Commissioned by Cove Park, Scotland, Autoxylopyrocycloboros has its roots both in the pioneering development of steamboat technology in the Clyde Estuary and in the brooding presence of the Trident nuclear submarines based at neighboring Coulport and Faslane. Realized in October 2006, Autoxylopyrocycloboros began with a circular, entropic voyage on the waters of Loch Long. The boat that made the voyage, a 20ft long, clinker-built wooden craft named Dignity, built around 1900 as a steam launch on Lake Windemere, was salvaged from the bottom of Loch Lomond by its previous owner and restored to working order. Newly fitted with a single cylinder, marine steam engine, Dignity served as both vessel and fuel for Autoxylopyrocycloboros as, piece-by-piece and plank-by-plank, the boat was fed to its own boiler. Like the age-old alchemical symbol for eternal renewal, the Ouroboros (the tail devouring snake), the boat, in an attempt to keep moving, consumed itself and ultimately returned to the deep, submarine infested waters of the Loch Long. The resulting work documents this event in 38 medium format transparencies exhibited on a resolutely mechanical projector.

In Gold Toned Okapi, Starling utilizes existing source material to create a new series of photographic prints. Starling looked to Herbert Lang, a scientist and an accomplished field photographer who’s perhaps best known for producing the first photographic images of the Okapi, an ancient relative of the Giraffe, while on a biological survey of North Eastern Congo for the American Museum of Natural History. The images of the creature were made in the Ituri region of the Congo, which is now infamous for its conflict over the regions’ gold deposits, which are mined in unregulated artesian mines, and illegally traded to American and European gold refiners.
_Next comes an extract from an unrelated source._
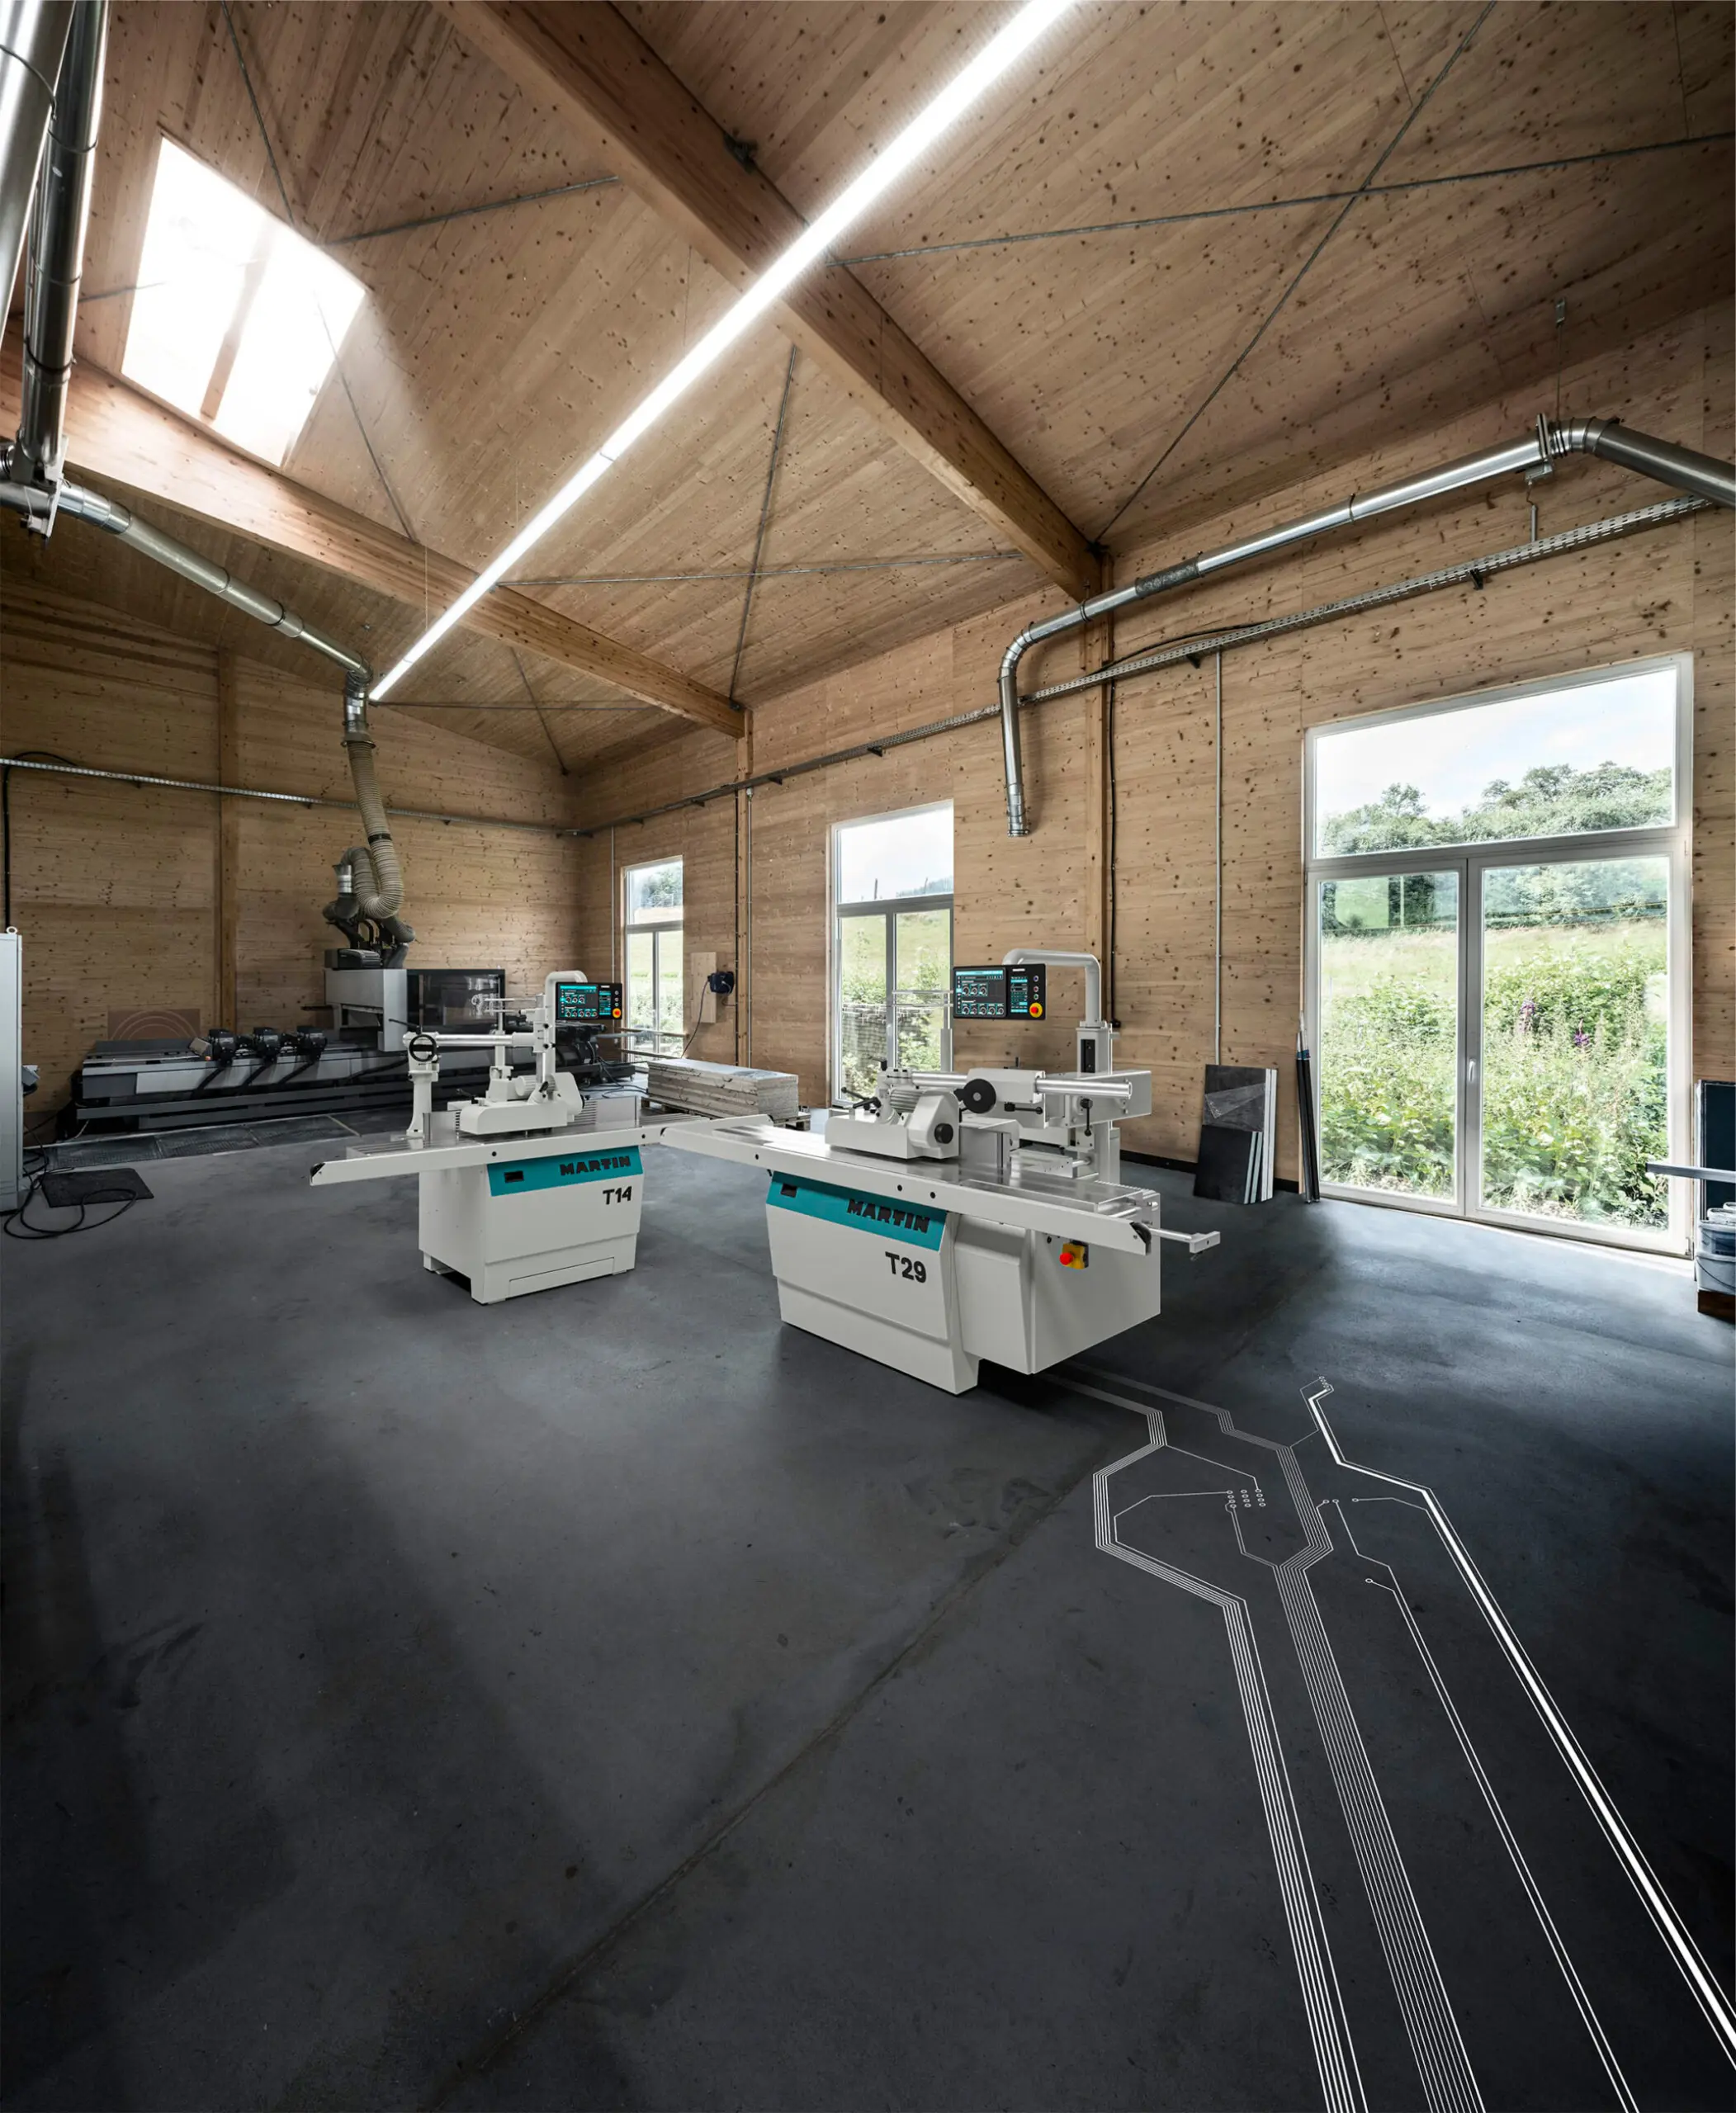 advertising photo of an interior of a large industrial workshop with a 3d rendered woodworking machine

Lang’s photographs of the Okapi were produced using glass-plate negatives and printed using the then standard technique of POP (print out paper) printing. This method of printing requires a gold toning process to fix the image. In Gold Toned Okapi, Starling worked with a single image originally produced by Lang in 1913. The gold toner used to fix Starling’s images was produced using part of a 1oz bar of gold manufactured by the Swiss gold refiner, Metalor, who was recently found to be exporting large quantities of gold from Uganda – gold that has subsequently been traced back to traders in the Democratic Republic of Congo. Starling’s gold tainted photographs conflate different geographical points and moments in history, offering a subtle comment on recent international trade.
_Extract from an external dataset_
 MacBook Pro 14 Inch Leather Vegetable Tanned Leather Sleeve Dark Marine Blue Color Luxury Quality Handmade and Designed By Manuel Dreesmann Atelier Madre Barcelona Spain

Paralleling Gold Toned Okapi, Starling has transformed a traditional strip canoe (akin to those built in North America since the 1880’s that were in turn derived from the Native American birch bark canoe) by using African hardwoods in its construction. The resulting stripped markings on its exterior allude to the camouflaged skin of the Okapi. In this way, the work becomes a hybrid object: part African, part American, part working-canoe, part sculpture, part pantomime costume. While clearly referencing Lang’s Congo expedition, the canoe proposes a modern day journey out of New York, back up the Hudson River and beyond.